▸ Work required:
All of the data goes into your copy exactly as written. Images do not.

BEGIN Supplied data

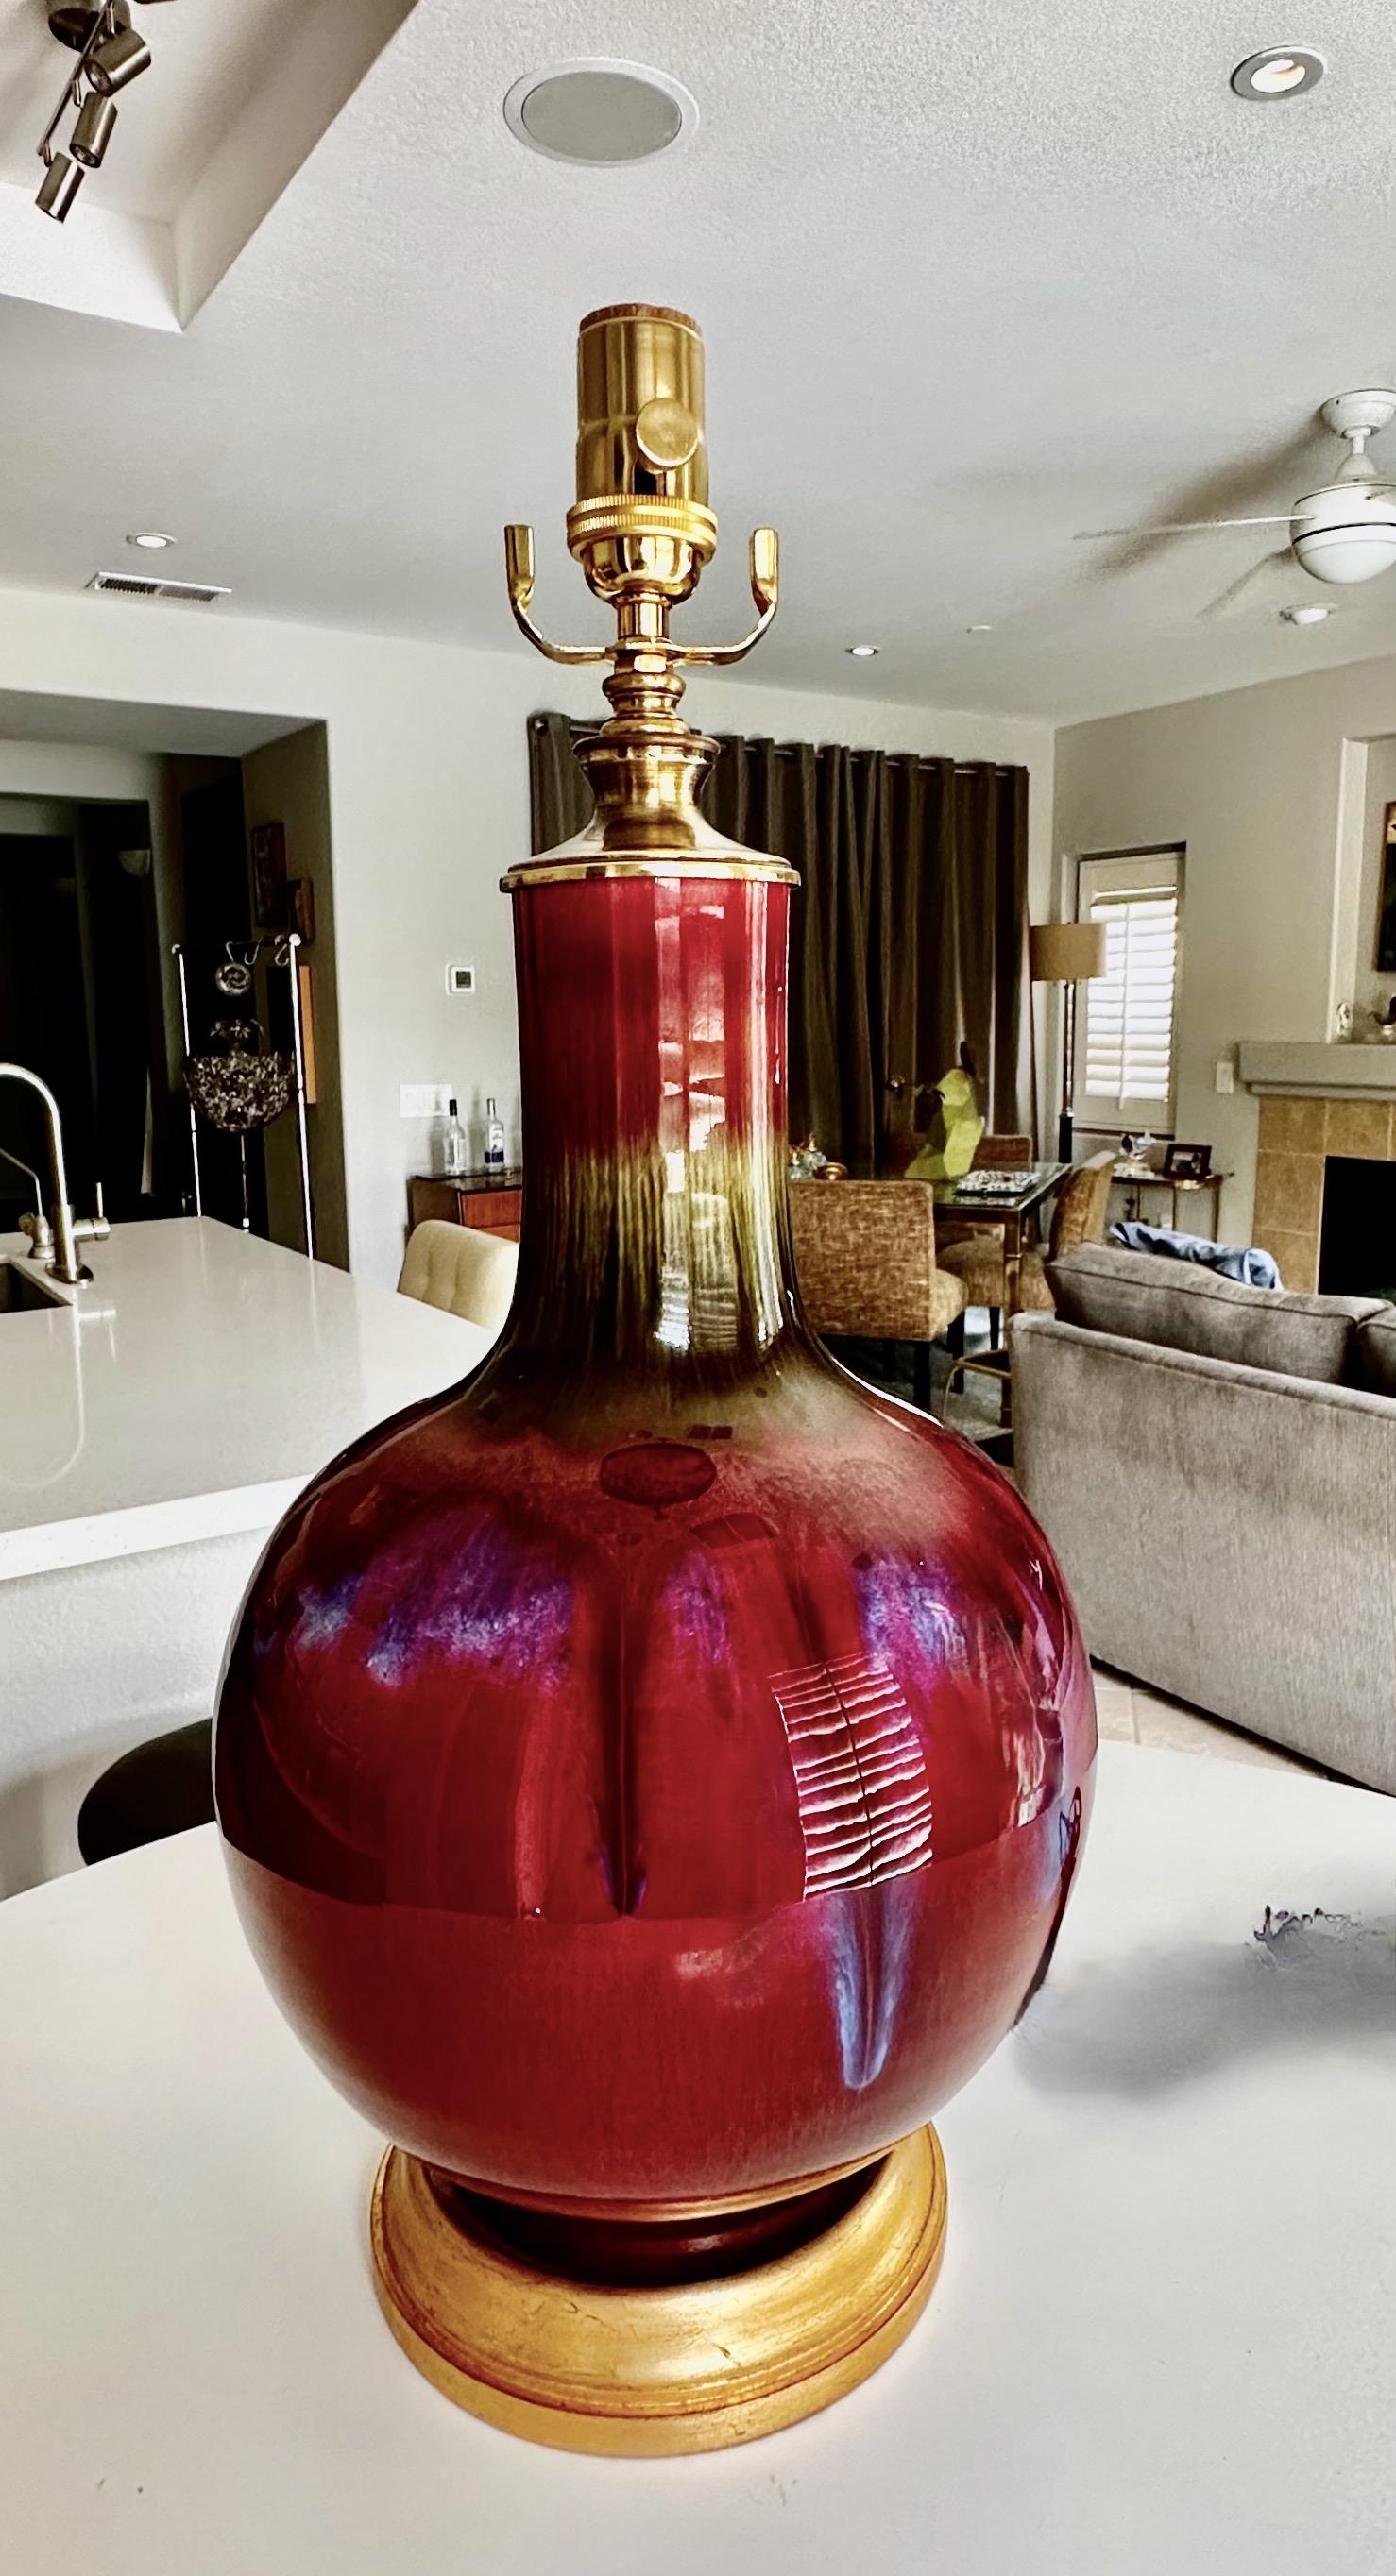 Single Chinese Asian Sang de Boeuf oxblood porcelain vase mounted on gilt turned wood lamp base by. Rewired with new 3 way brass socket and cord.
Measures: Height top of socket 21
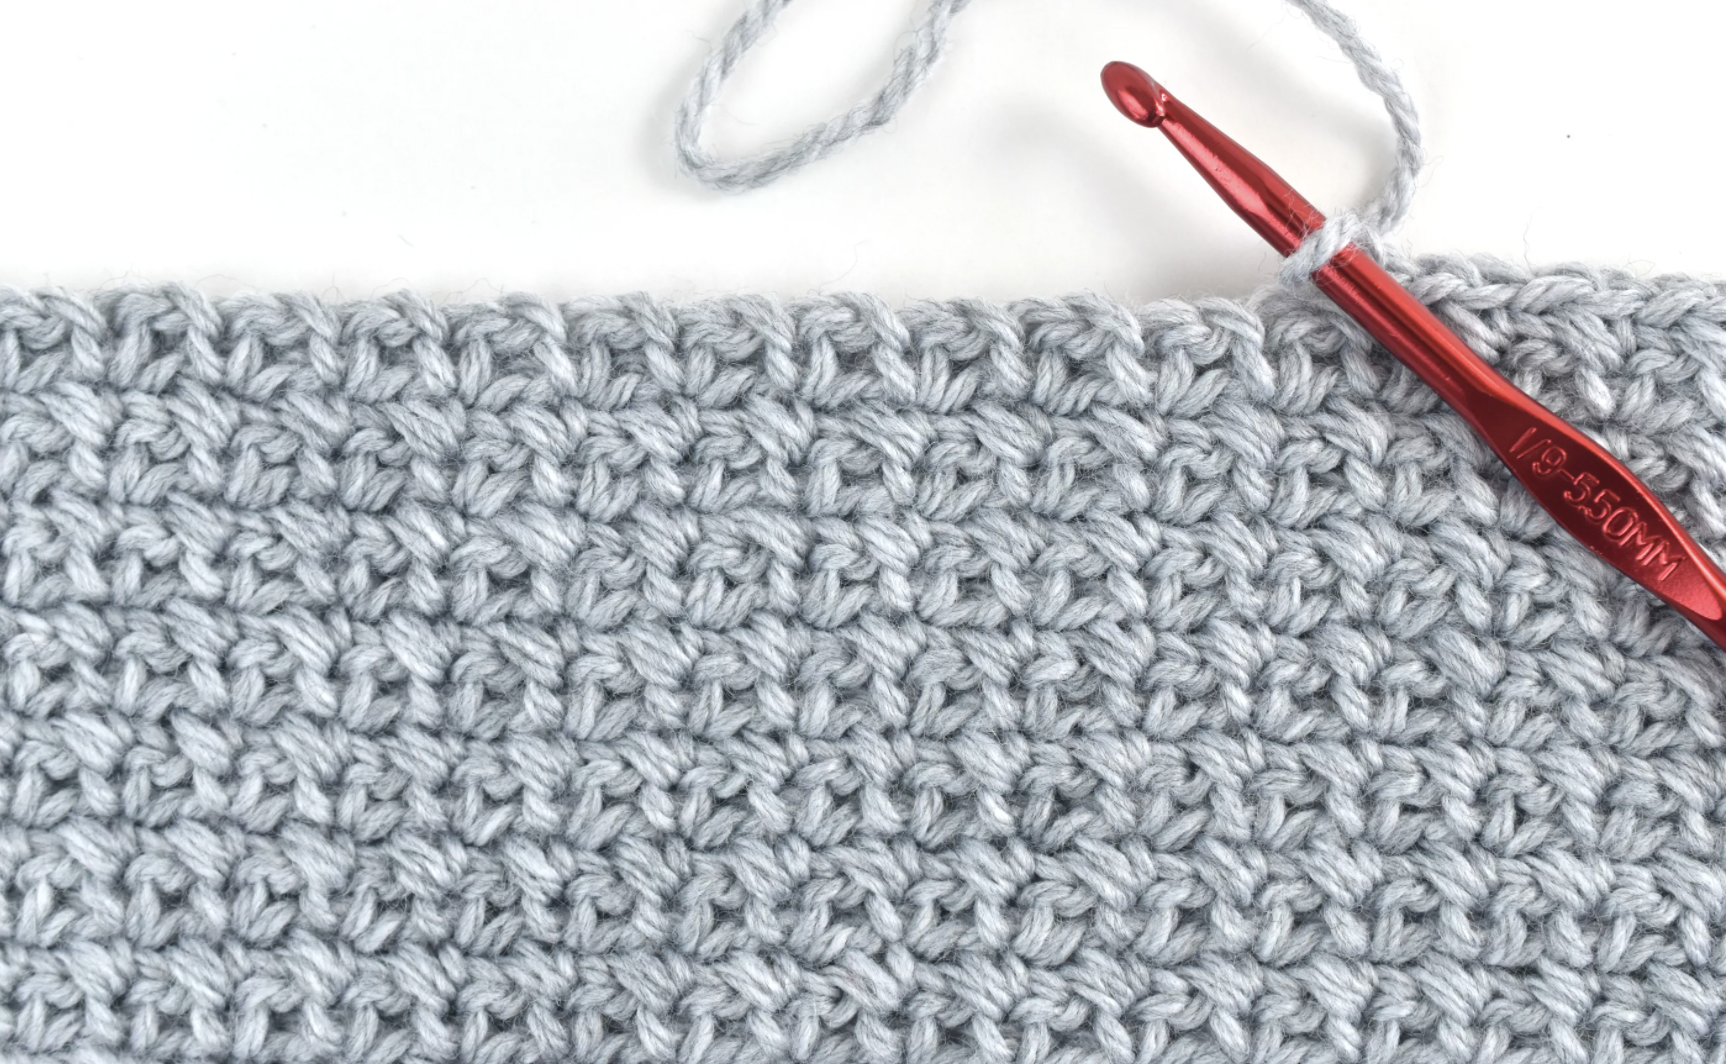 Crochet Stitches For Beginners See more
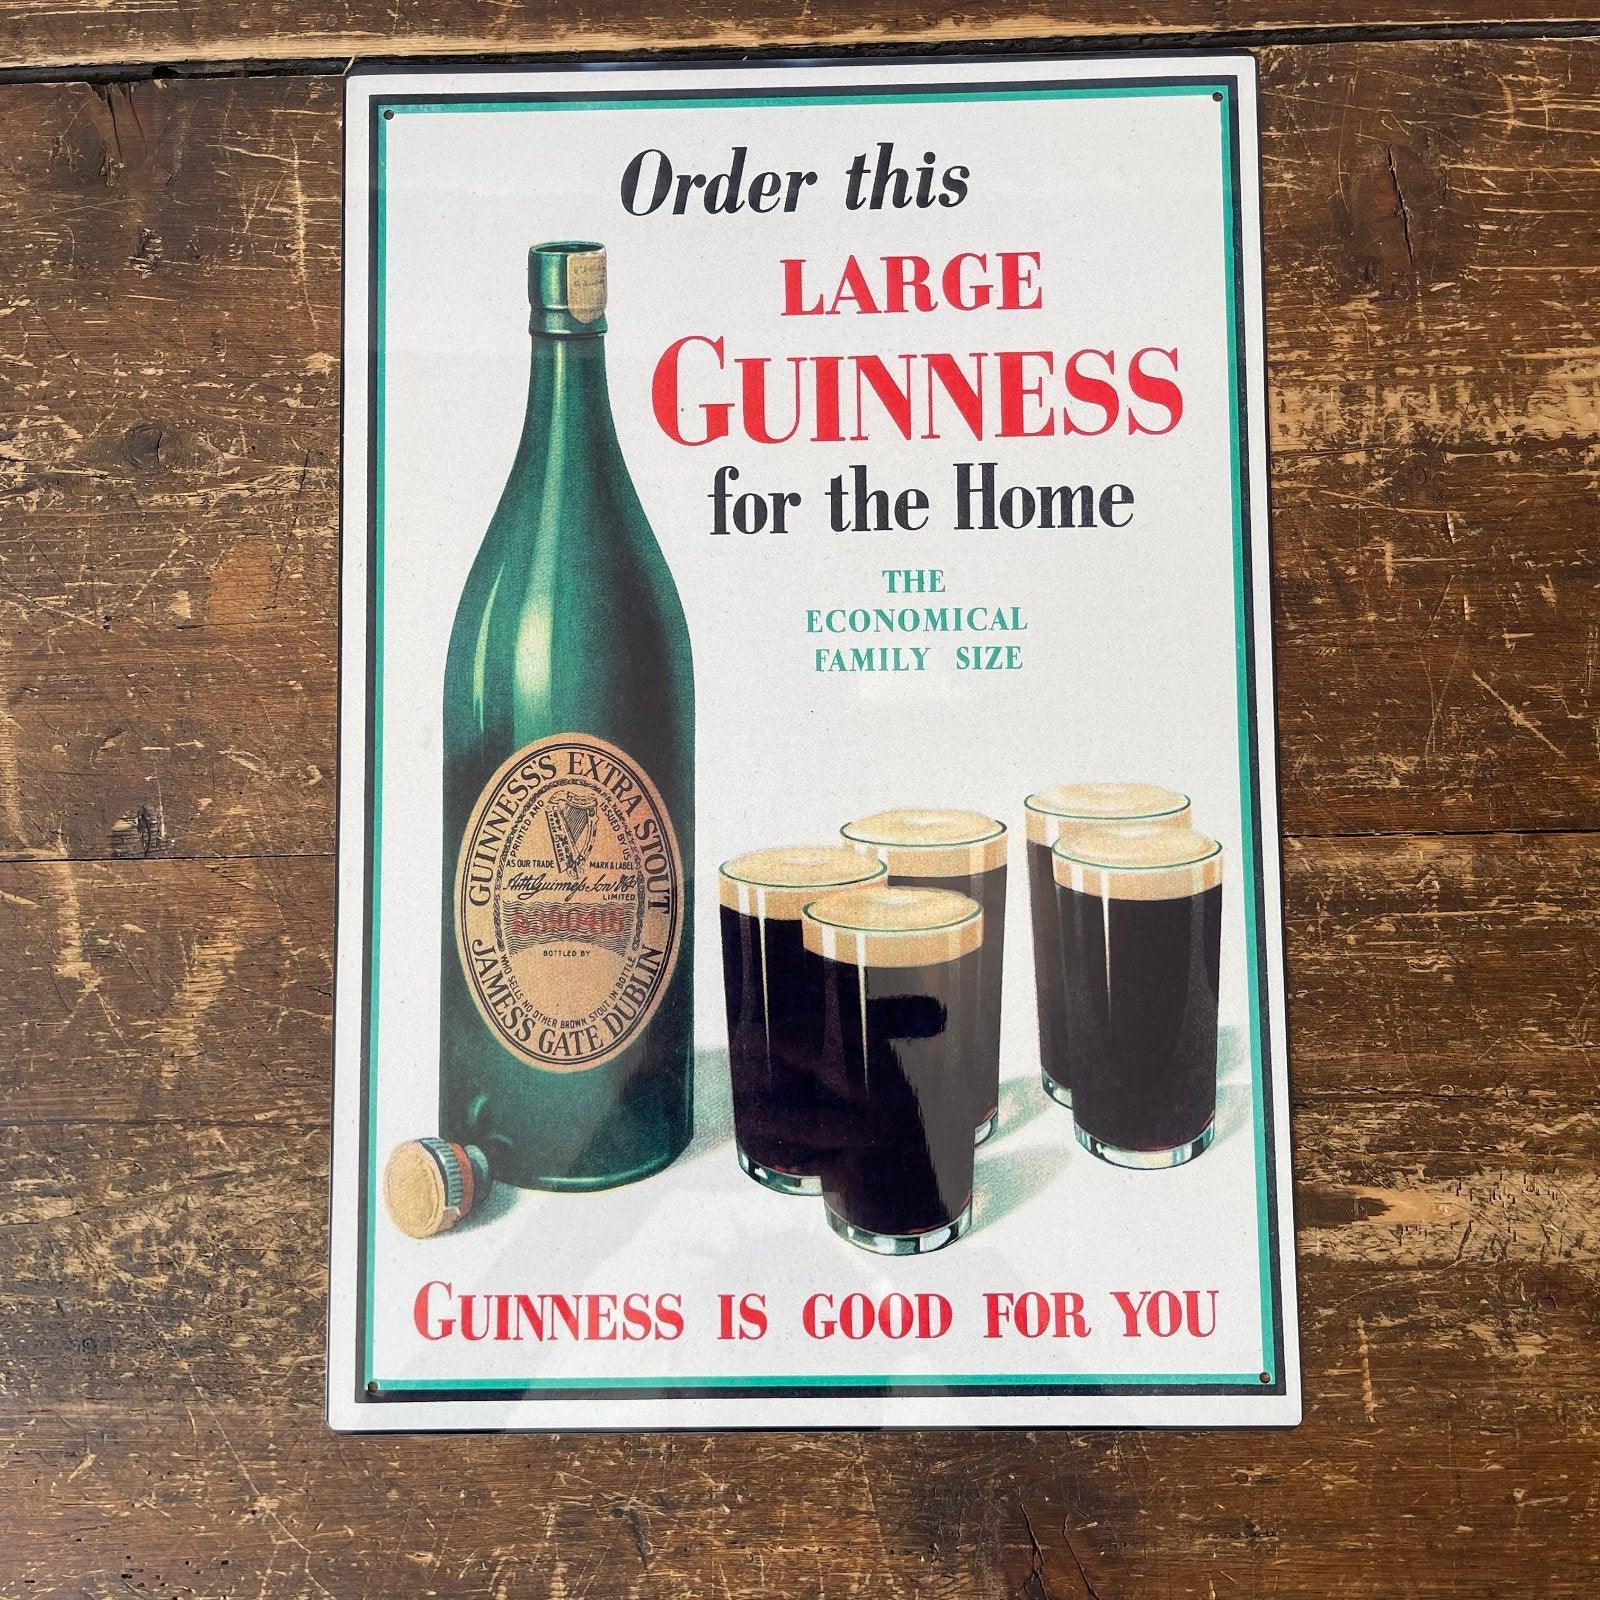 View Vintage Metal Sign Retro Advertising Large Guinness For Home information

END Supplied data

▸ Task result:
 Single Chinese Asian Sang de Boeuf oxblood porcelain vase mounted on gilt turned wood lamp base by. Rewired with new 3 way brass socket and cord.
Measures: Height top of socket 21
 Crochet Stitches For Beginners See more
 View Vintage Metal Sign Retro Advertising Large Guinness For Home information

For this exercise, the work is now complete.